You’ve created a duality for yourself through WireTap. There’s Jonathan Goldstein the radio host—who some might describe as a nebbishy, introspective, sensitive fellow, somewhat of an anti-hero. And then there’s Jonathan Goldstein in real-life. This idea of creating a character that is uncannily similar to your own without being outright auto-biographical is something that has been used by other writers as well—I’m thinking of the novelist Philip Roth (who even had a character named “Philip Roth” in one of his books for instance). When you write for the radio show, do you consciously write for Jonathan Goldstein the character or does everything stem from one same voice and work out the differences through performance?

Weighty/pretentious part B to the question: Do you use “Jonathan Goldstein the radio host”  to hide behind or show yourself?

I think the writing that interests me most these days is the writing that pushes past the persona rather than leaning on it. And when I do that kind of thing, like write from a more emotional, less jokey place, it isn’t like people are jarred so there must be a shared feeling to it, one source from which it all comes.

And weighty/pretentious answer: Both. It’s a veil dance.

A lot of your writing, on the show and in your books can be introspective, psychoanalytical even. Again, as with secular Jewish writers like Philip Roth you seem to distance yourself from Jewish tradition and identity while at the same time embracing it in some ways. Is being Jewish something that preoccupies you or do you just see it as good fodder for storytelling?

I don’t know that I distance myself from it. I think it informs everything I do. I think I don’t worry about it very much. I just figure that it’s in there, so it doesn’t preoccupy me. Being Jewish is just being whatever you are. Off the top of my head, I can’t think of any religious Jewish writers. Moses? I think they’re all pretty secular. Spinoza? IB Singer? Kafka? I’m not sure what makes a writer Jewish but there does seem to be a lot written about it, panels, etc.

In addition to humourous pieces and personal essays, WireTap often features very humanist stories that connect with listeners on an emotional level.
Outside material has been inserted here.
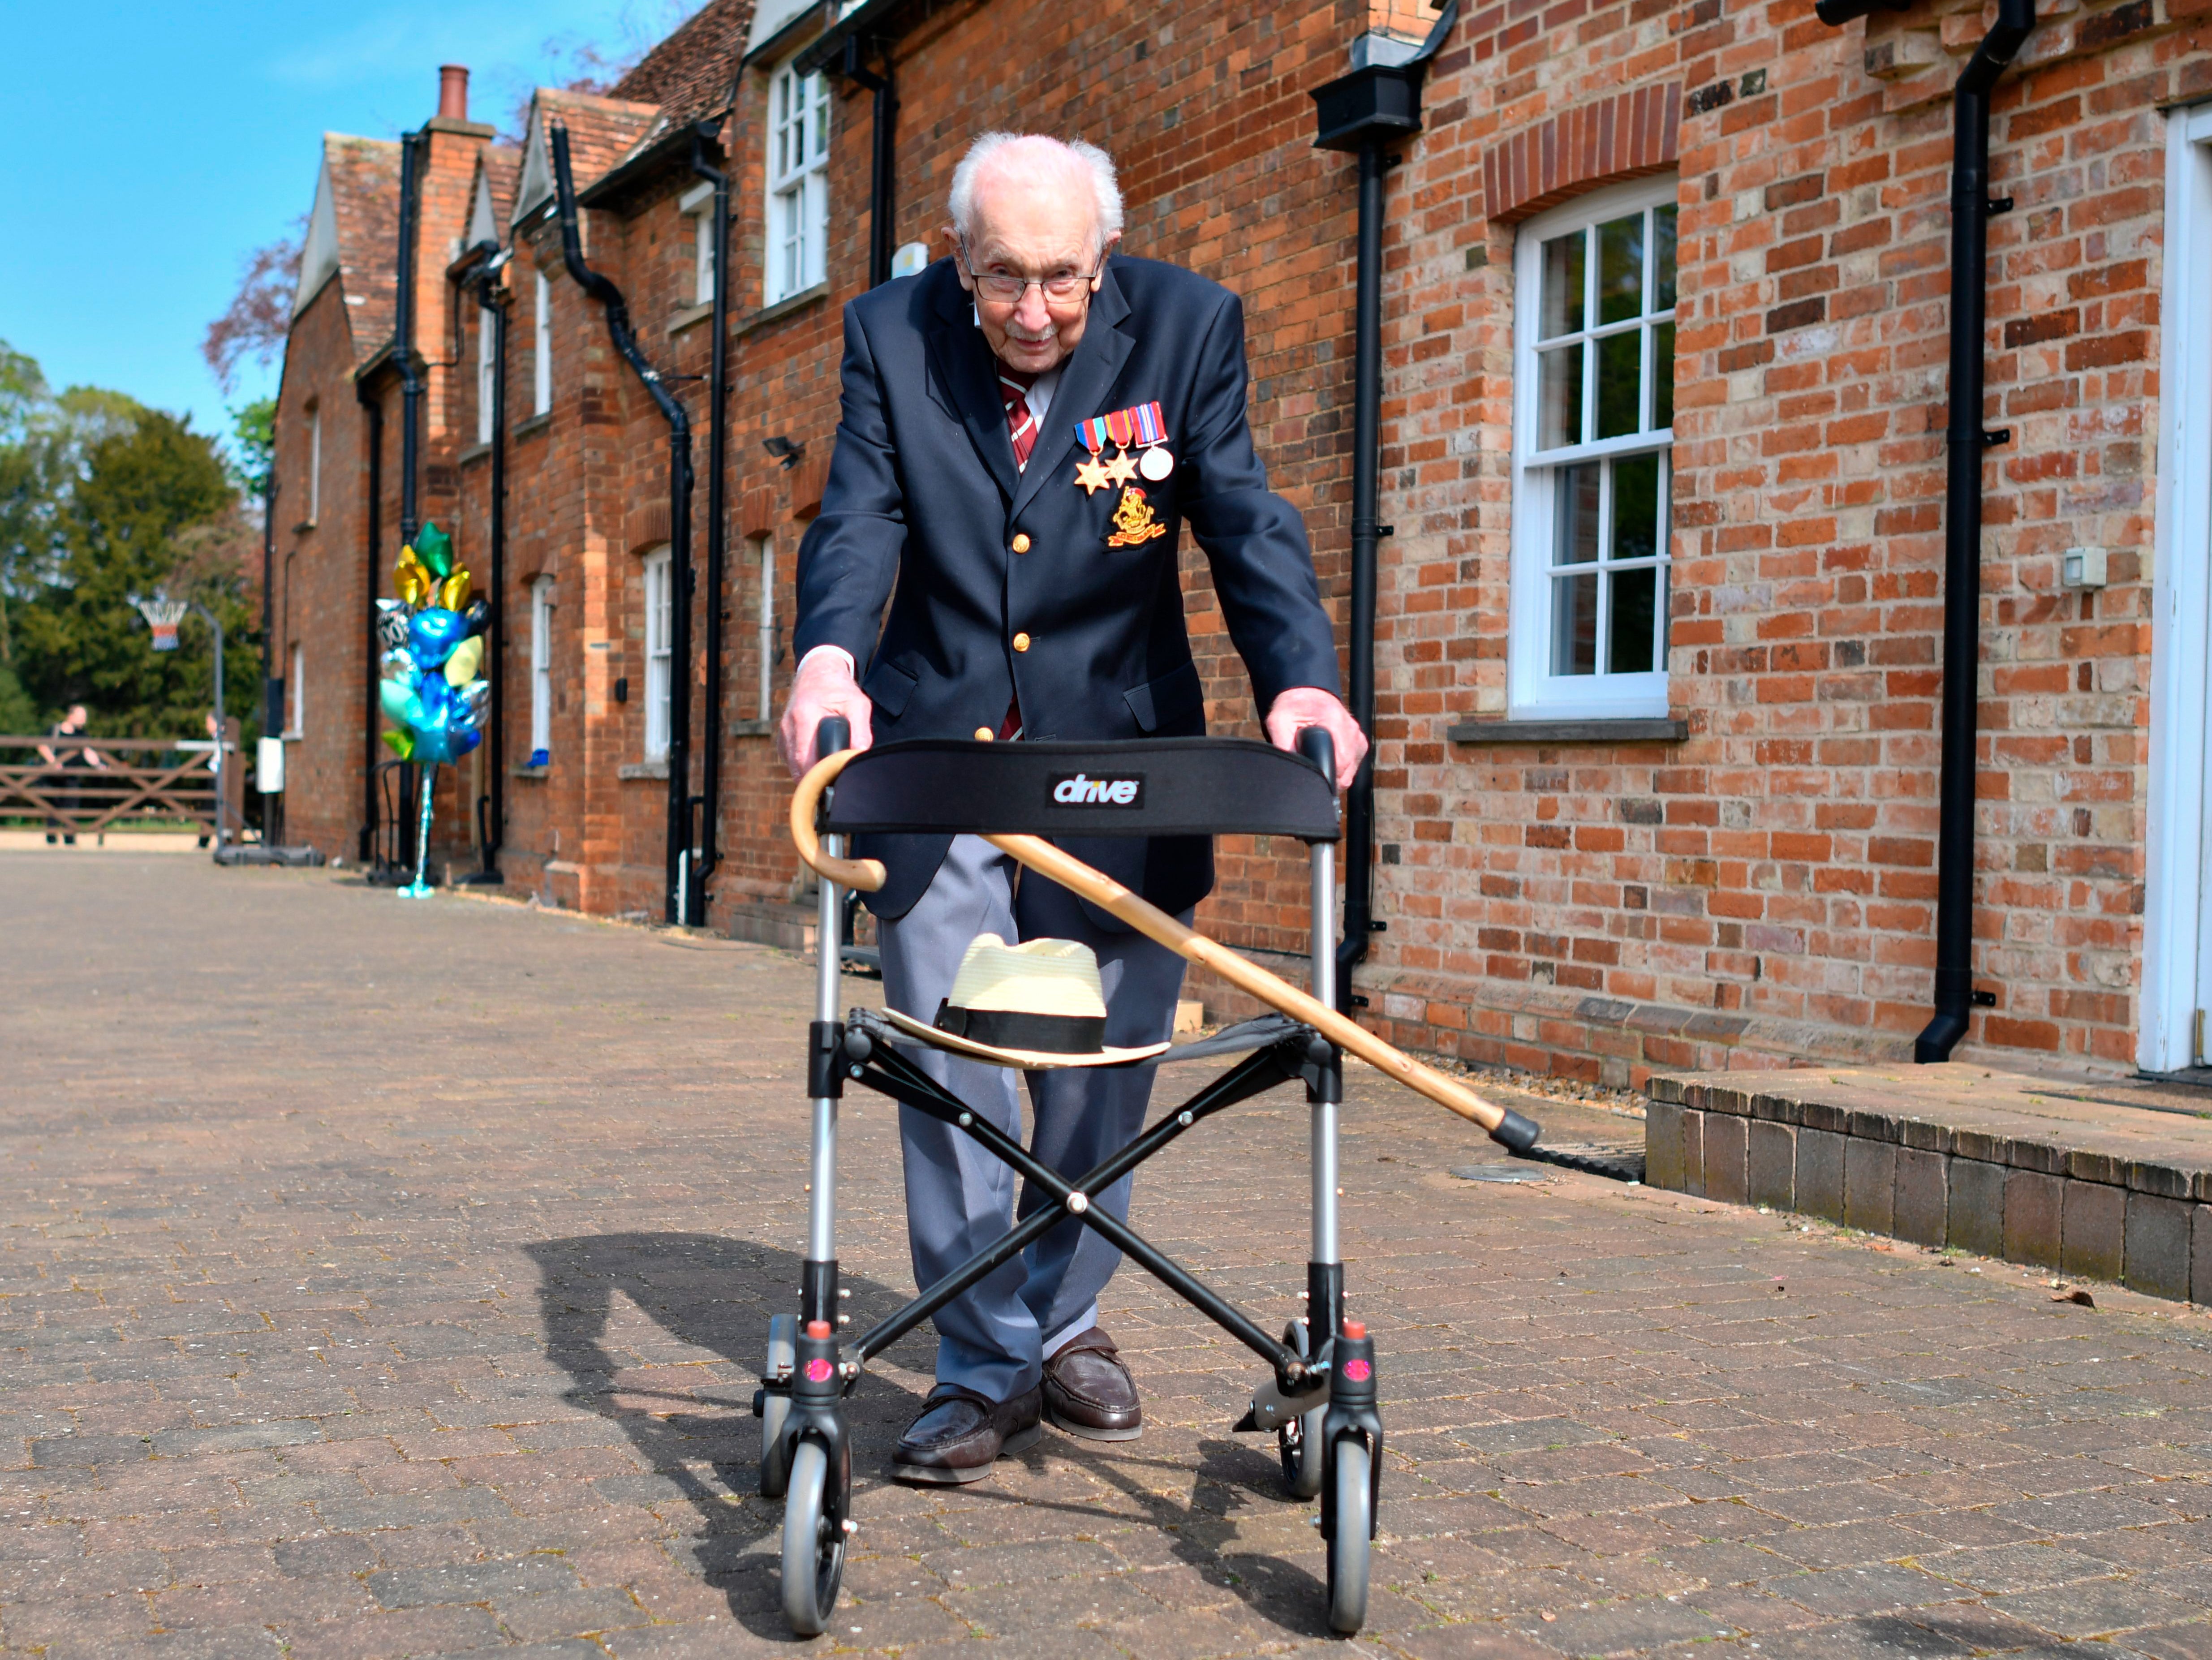 Captain Tom with his walking frame doing a lap of his garden in the Bedfordshire village of Marston Moretaine inApril 2020

What can you say about the power of radio to achieve that sort of connection versus the written word? 

I think at this point I can say that my stuff works best on the radio. It’s kind of frustrating to admit. I don’t know if I’ll always feel this way. I guess we kind of devalue the things that people like us for. I recently interviewed one of my radio heroes, Joe Frank, and I asked him about the only book he ever published, this book called Queen of Puerto Rico, and he said he shouldn’t have done it, that it was bad and that his stuff is best on the radio. I envied how well he knew himself, the level of self acceptance he had. I guess I tend to look at success on the page as the ultimate in artistic success, but maybe I should reconsider that.

WireTap is now in its 10th season on CBC. What are you hoping to try out writing-wise this season?

I hope to have the guts to try stuff that pushes the audience and pushes me. Stuff that isn’t always going for laughs. Stuff that isn’t afraid to reveal who I am, what my truth is. It’ll be tempered by Howard destroying my passport in all kinds of new ways, too, so no one has to worry that I’m getting too serious.